======== Data excerpt ========

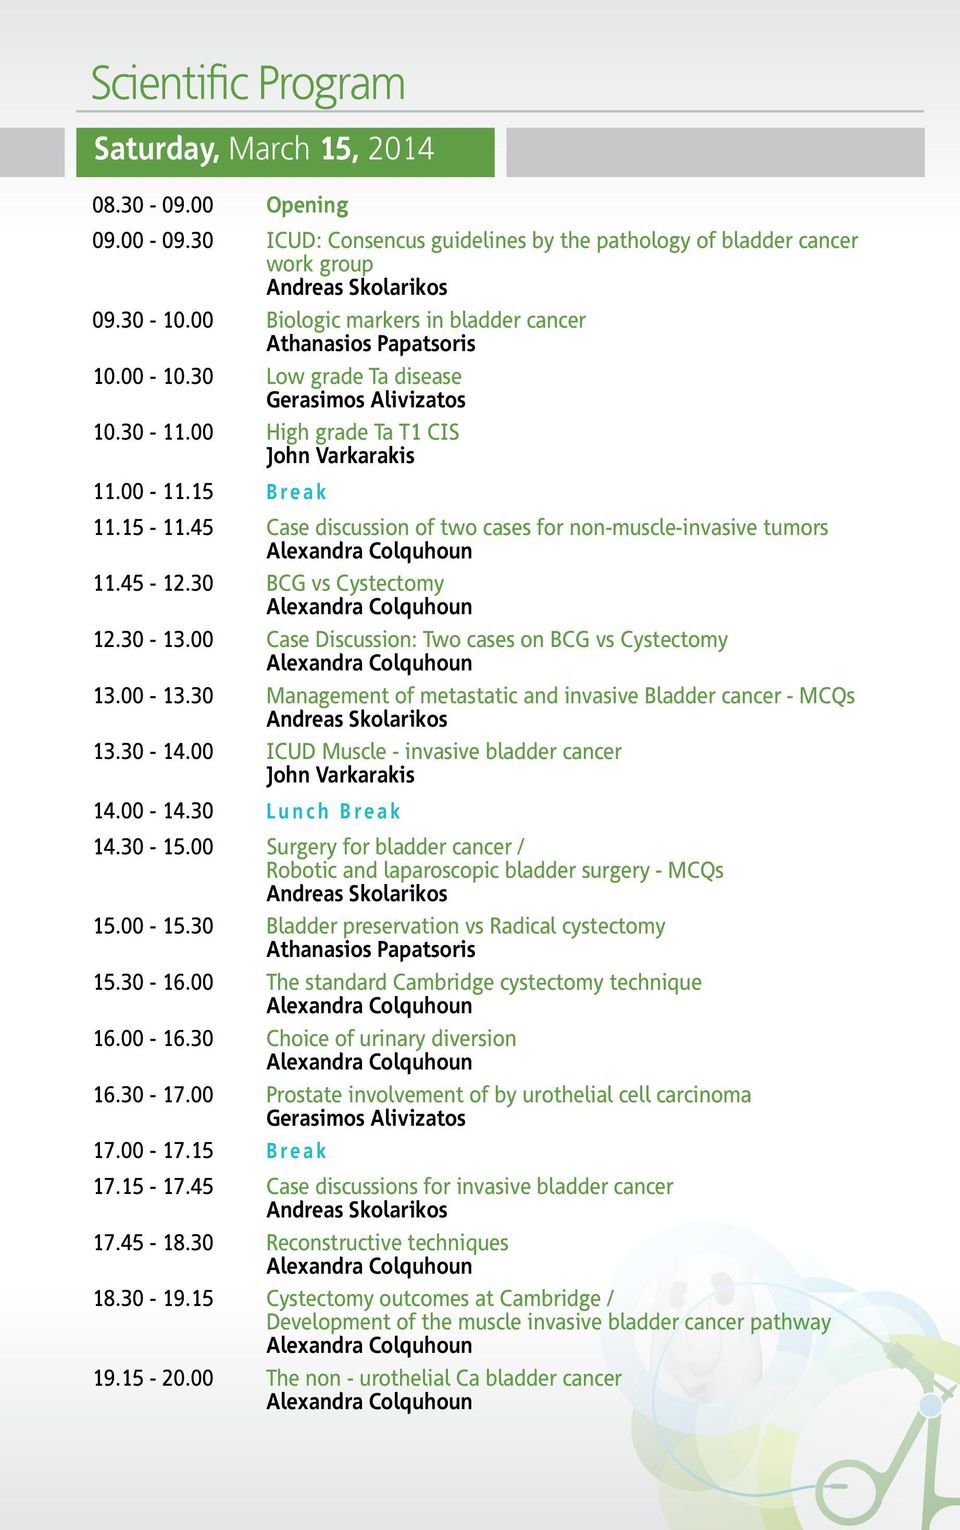 45 Case discussion of two cases for non-muscle-invasive tumors 11.45-12.30 BCG vs Cystectomy 12.30-13.00 Case Discussion: Two cases on BCG vs Cystectomy 13.00-13.
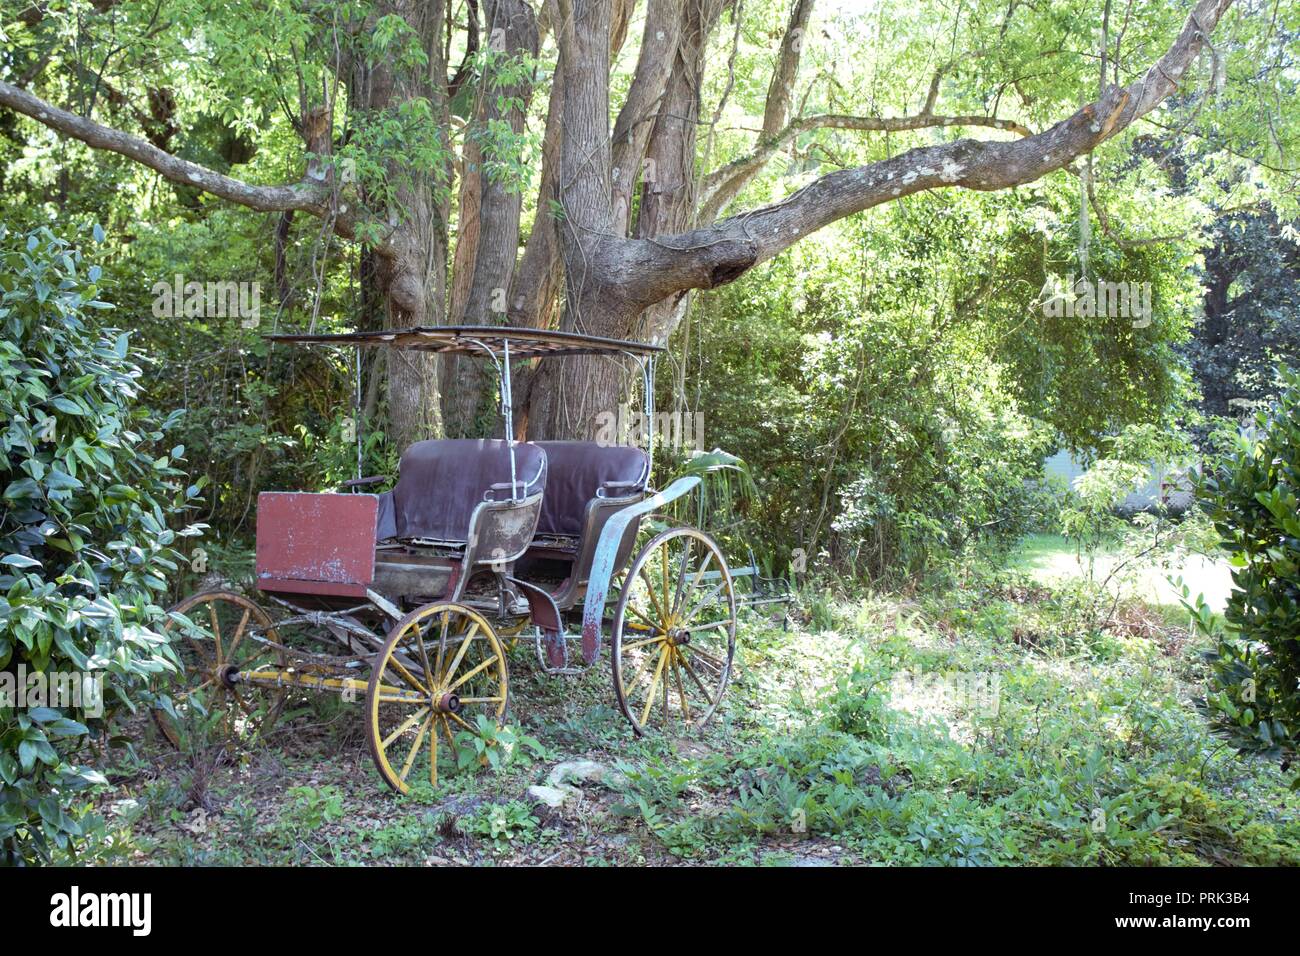 Antique horse drawn buggy succumbing to the harsh Florida climate. Stock Photo
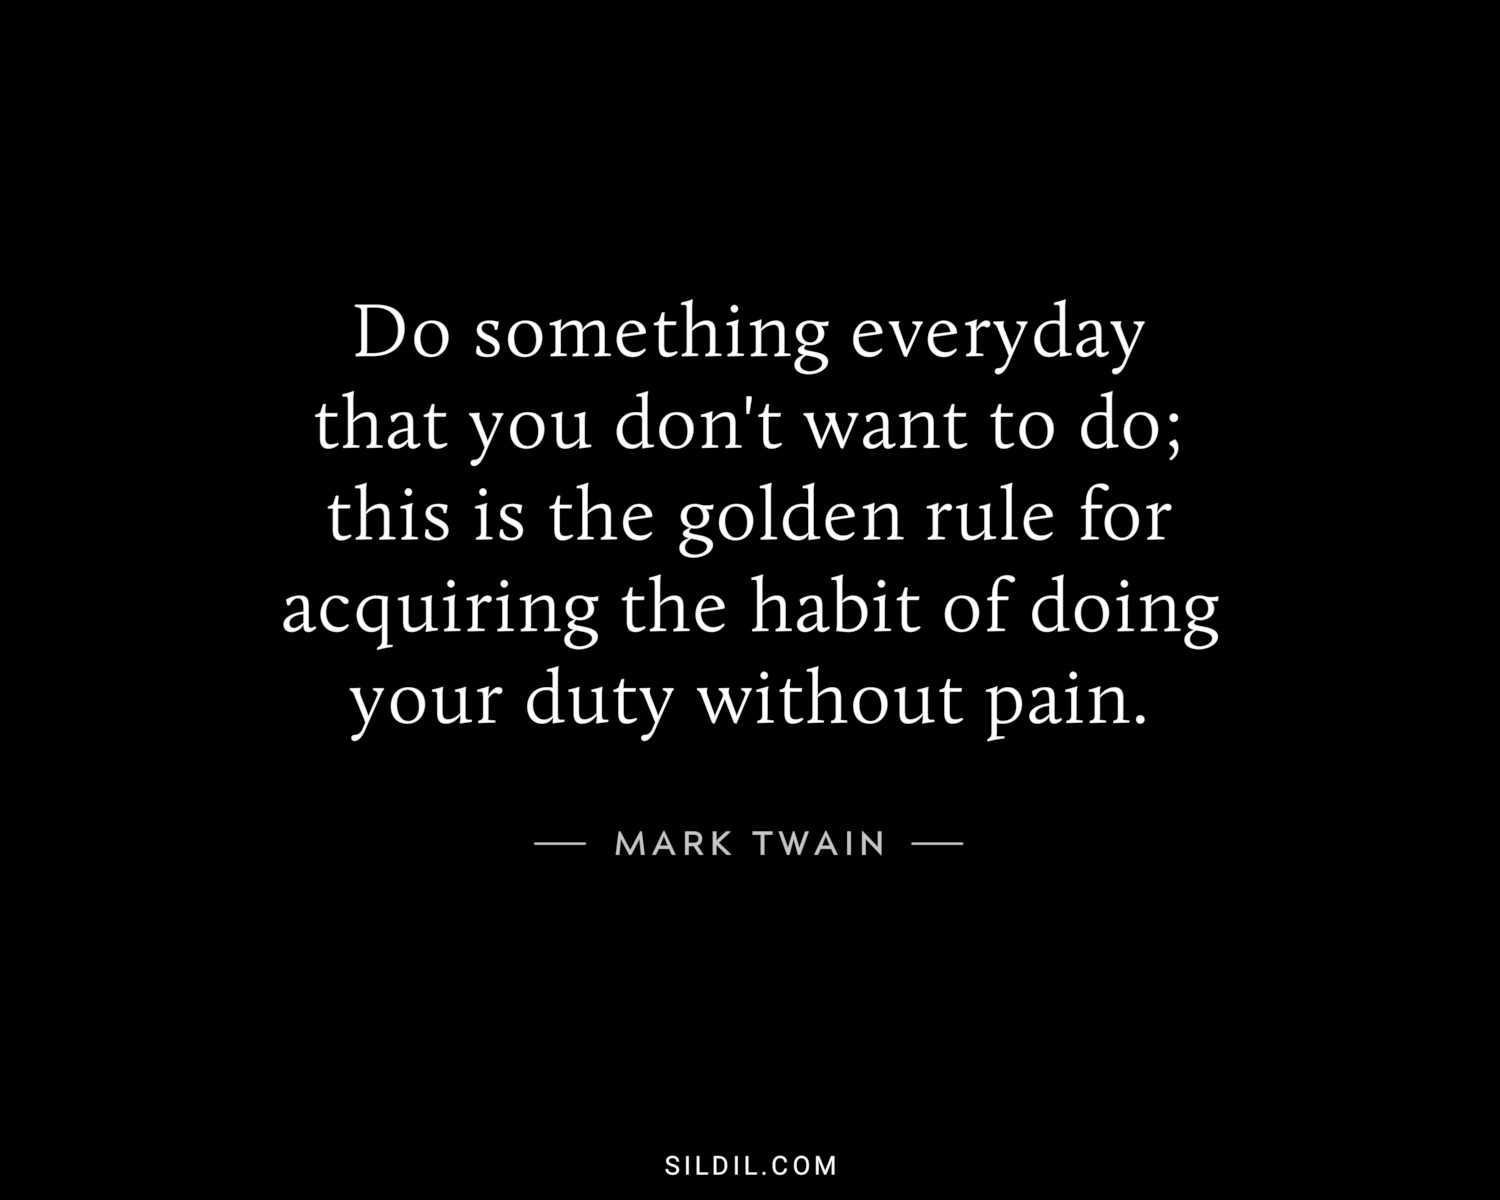 Do something everyday that you don't want to do; this is the golden rule for acquiring the habit of doing your duty without pain.

========

→ **Exercise objective**:
What is needed is the whole listing again, set down exactly, without its pictures.

→ **Answer space**:
 45 Case discussion of two cases for non-muscle-invasive tumors 11.45-12.30 BCG vs Cystectomy 12.30-13.00 Case Discussion: Two cases on BCG vs Cystectomy 13.00-13.
 Antique horse drawn buggy succumbing to the harsh Florida climate. Stock Photo
 Do something everyday that you don't want to do; this is the golden rule for acquiring the habit of doing your duty without pain.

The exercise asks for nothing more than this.